1 minute, 5 minute, 30 minute, 2 hour (or 4 hour) and daily, can be examined to get a sense of where the market is at, when considering trade. This does not have to take a long time, as a quick search for support and resistance.

As this is done, it can be possible to see that a pair may, for example, seem to be in a downtrend, but is in fact a retracement on an uptrend, or that it is on a downtrend, but close to support.

There may not be hard and fast rules about which time frame to check, as the aim is not to go through a fixed set of time frames, rather to see what may be important in terms of the effect on the pair in the time to come. But like anything in trading one needs to start somewhere.

What is a candle ?

A unit of a candlestick chart and a popular kind of chart to use in Forex. There are other charts to use as well. Candles may be combined with multi-time frame analysis to see what is happening inside candles, as they may disguise structure, by the nature of their representation. This involves moving from a higher time frame to lower ones.

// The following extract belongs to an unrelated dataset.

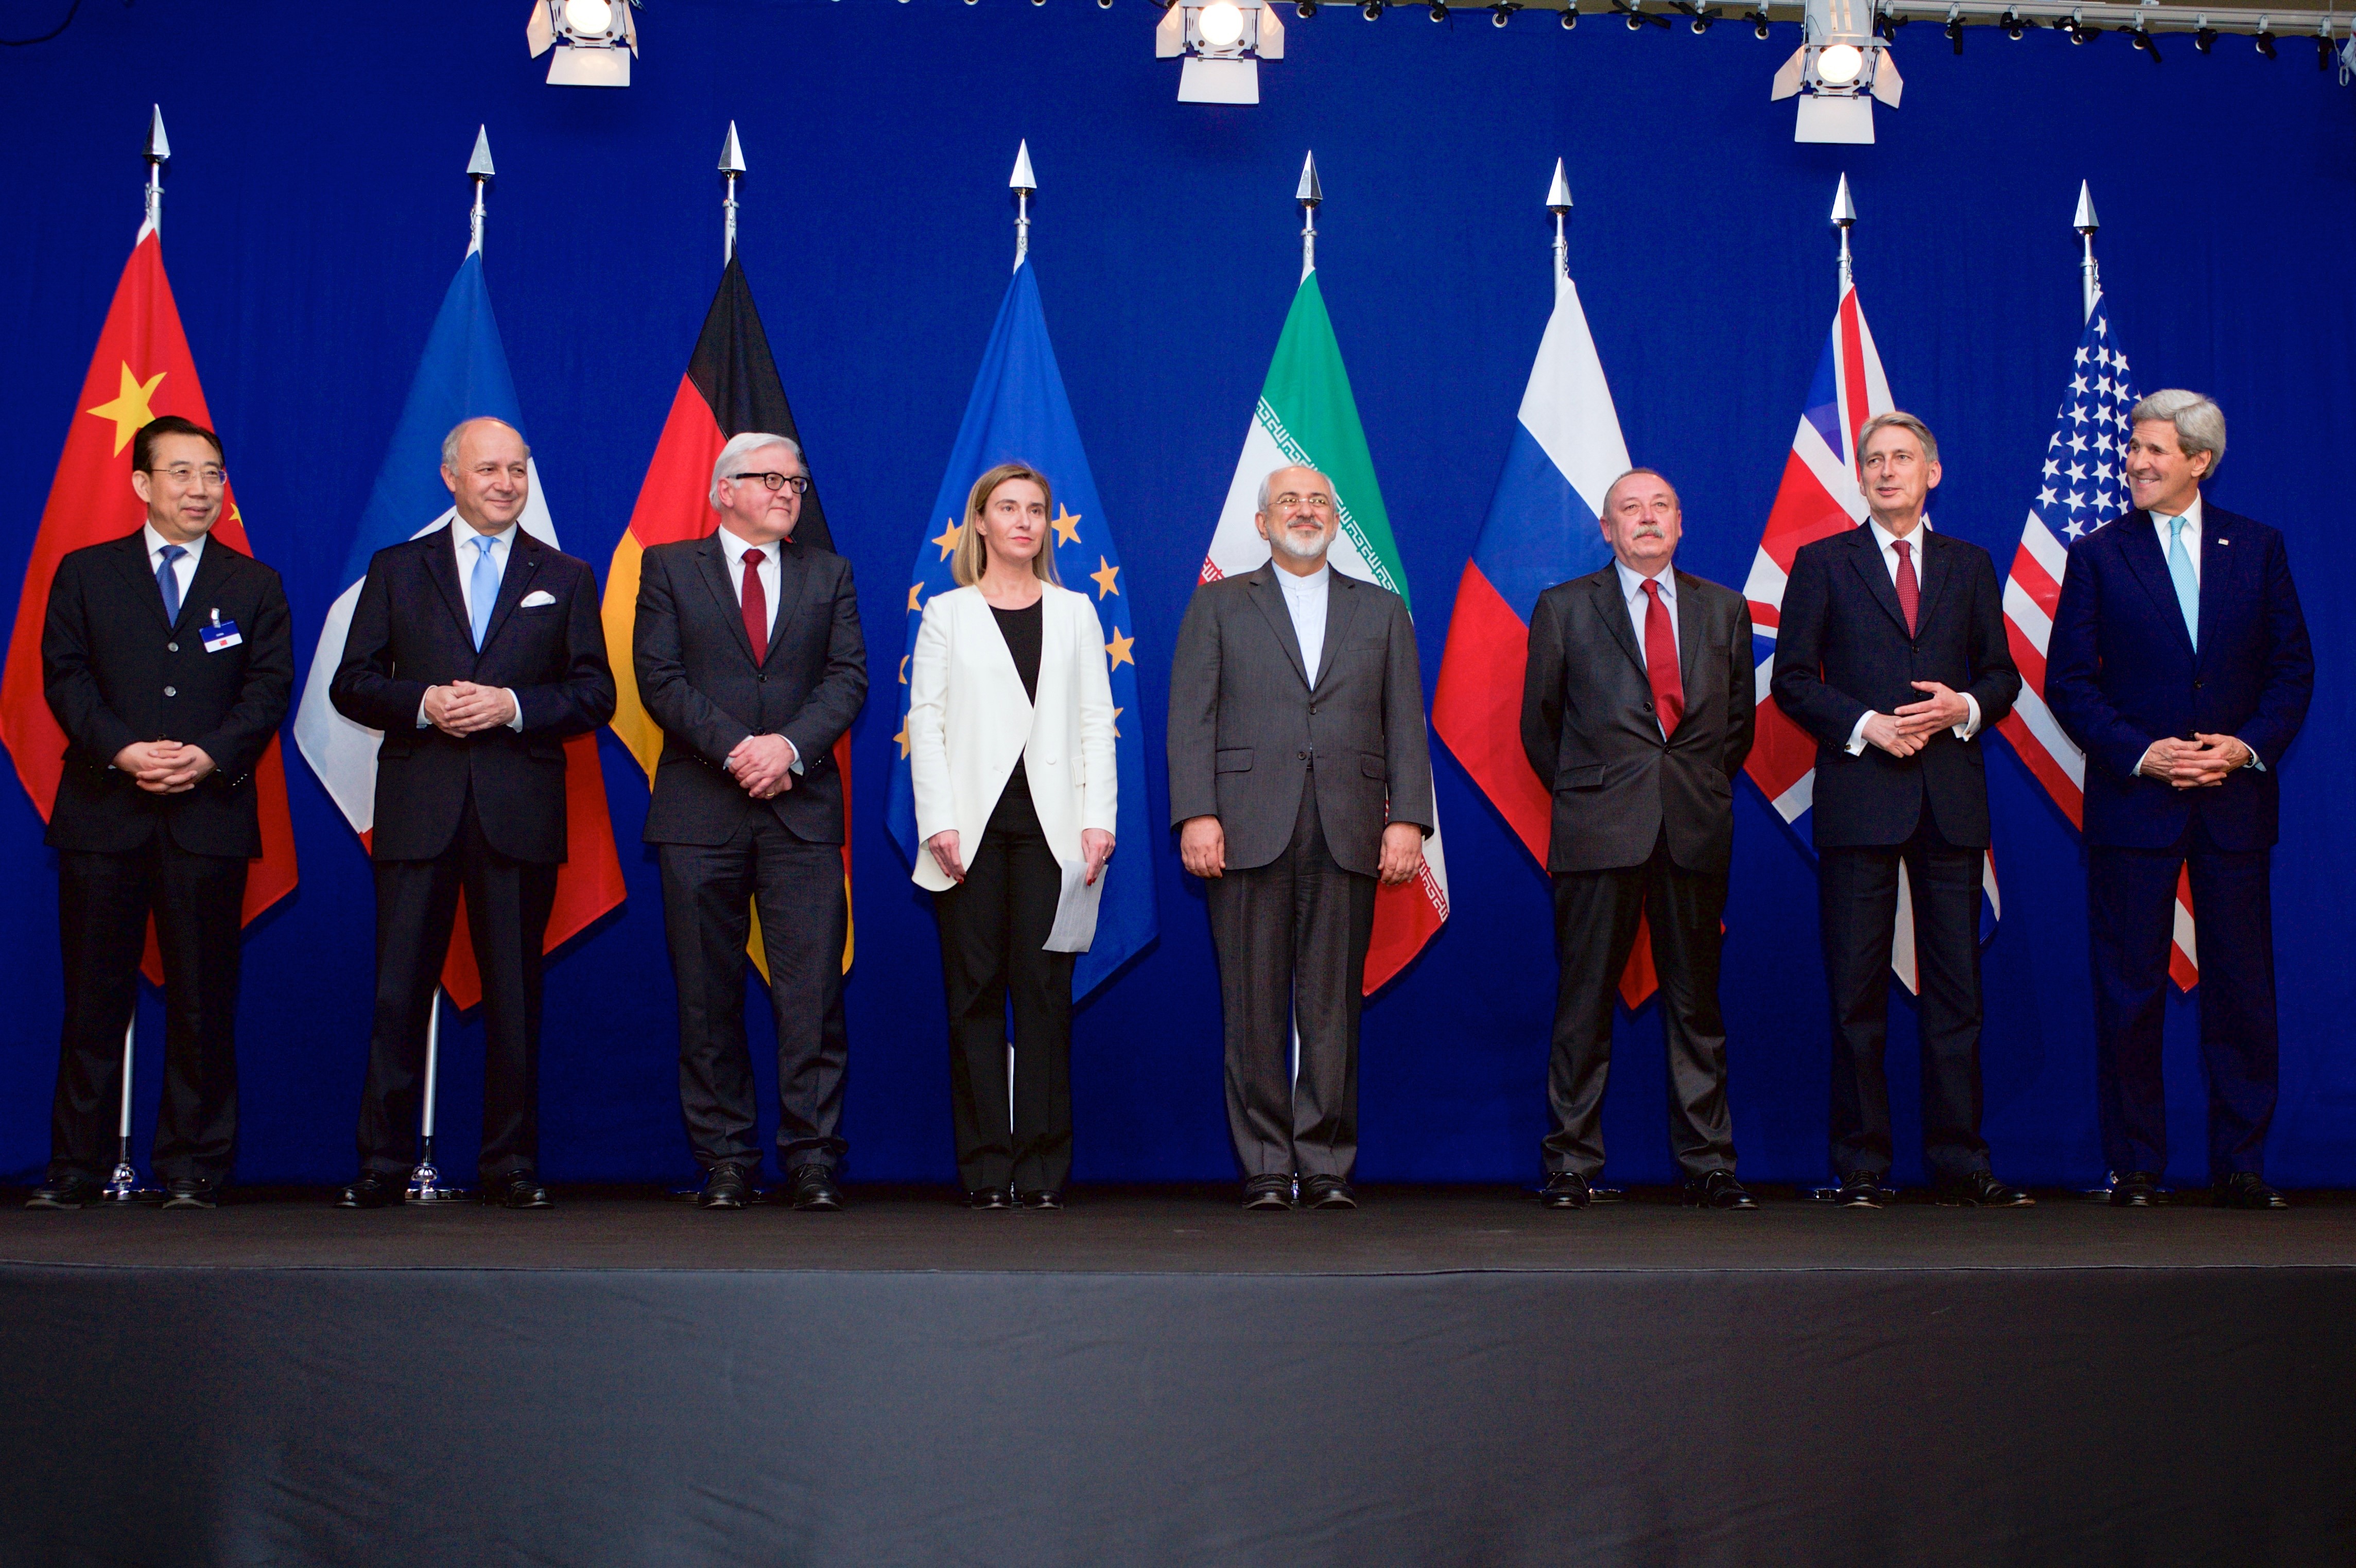 The JCPOA participant states
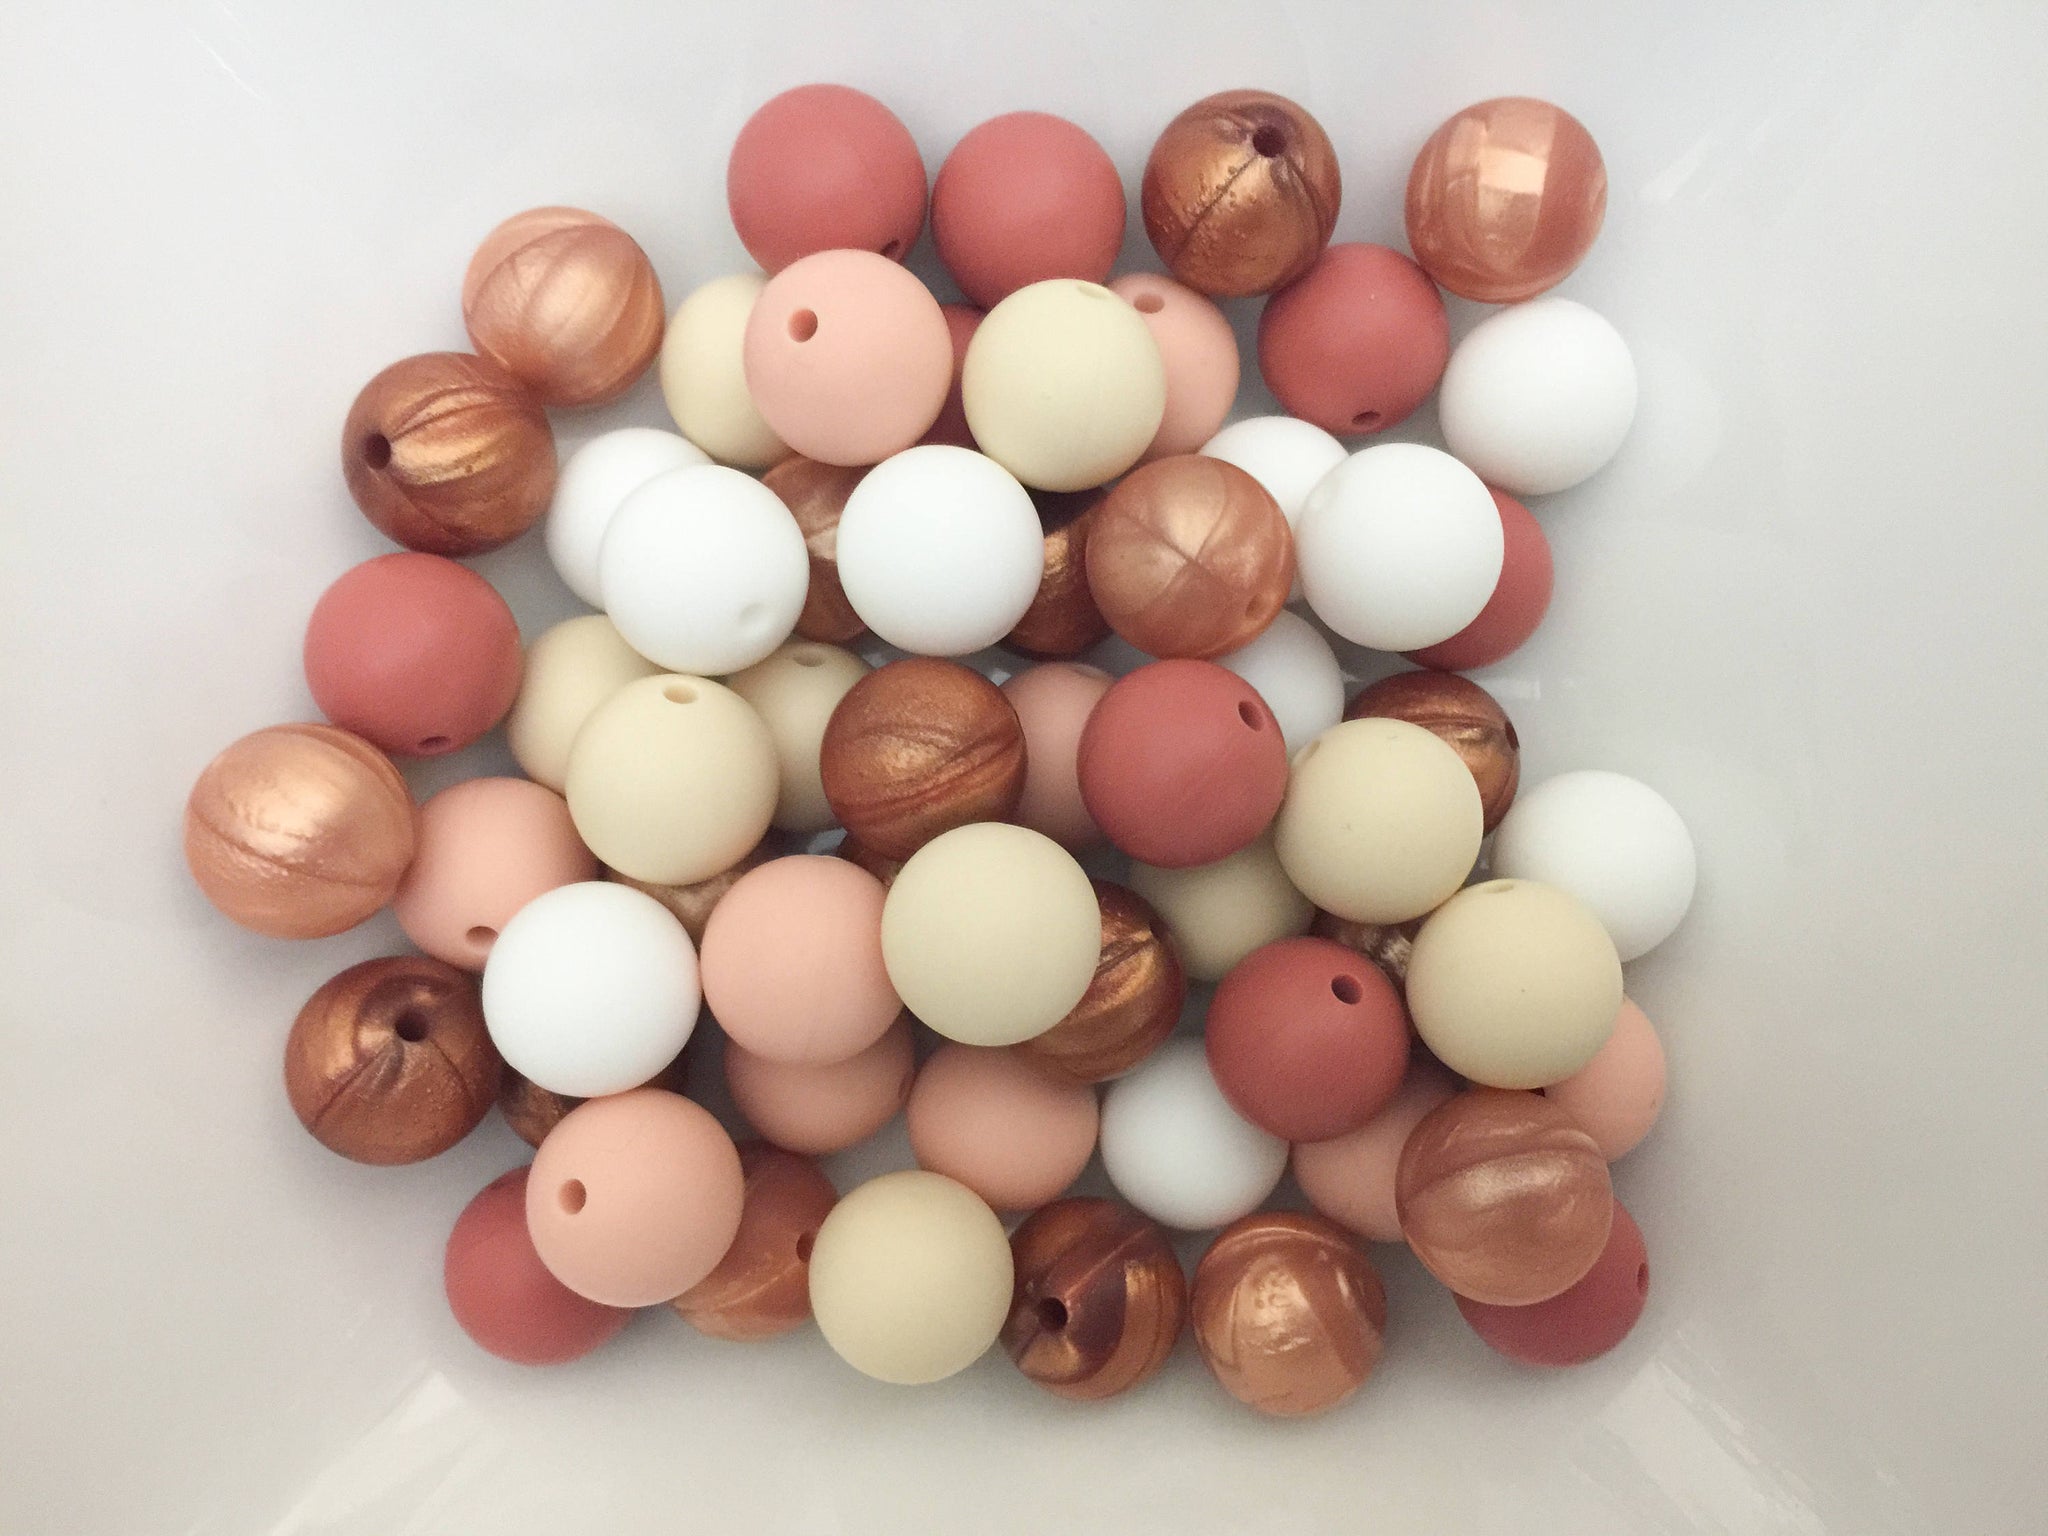 60 Bulk Silicone Beads - Rose Gold, Copper, Porcelain, Ivory, Terra, White

It is also possible to move from a lower to a higher time frame, which may be a wise idea, because it gives perspective on what is happening at a lower time frame. Like moving out on a map, and seeing where things fit in. But of course, in markets, the landscape is dynamic and changing, unlike maps.

What about candlestick patterns ?

Candlestick patterns can be used to look for turns in the market, but as with any patterns like this, the market seems quite happy to cut through the expectation.

What is meant by the context of the move ?

Forex moves can be seen as nested moves, to an extent, moves within moves, as one moves to different time frames. However as well as looking at higher time frames, lower times frames can also give more detail about what may be happening.

What is meant by moves in Forex being nested ?

Moves directionally moving within support and resistance, moving within support and resistance and so on, from a higher to a lower time frame. To trade it is necessary to have a belief that the market will have a certain value at a later time. However past support and resistance may give a way of interpreting what the market will be doing at a later time. And past support and resistance within multiple time frames may give a richer interpretation or context.

Once a trade is entered then the trade is at the mercy of the market. Indicators indicate what the market may do next. But they do not always work. However they can also be used to help interpret what the market will do, rather than relying on them to enter a trade.

This may help at least alleviate that sense of being lost in a strange land, once the trade is entered, and the market starts to do contrary things, relative to one's expectation.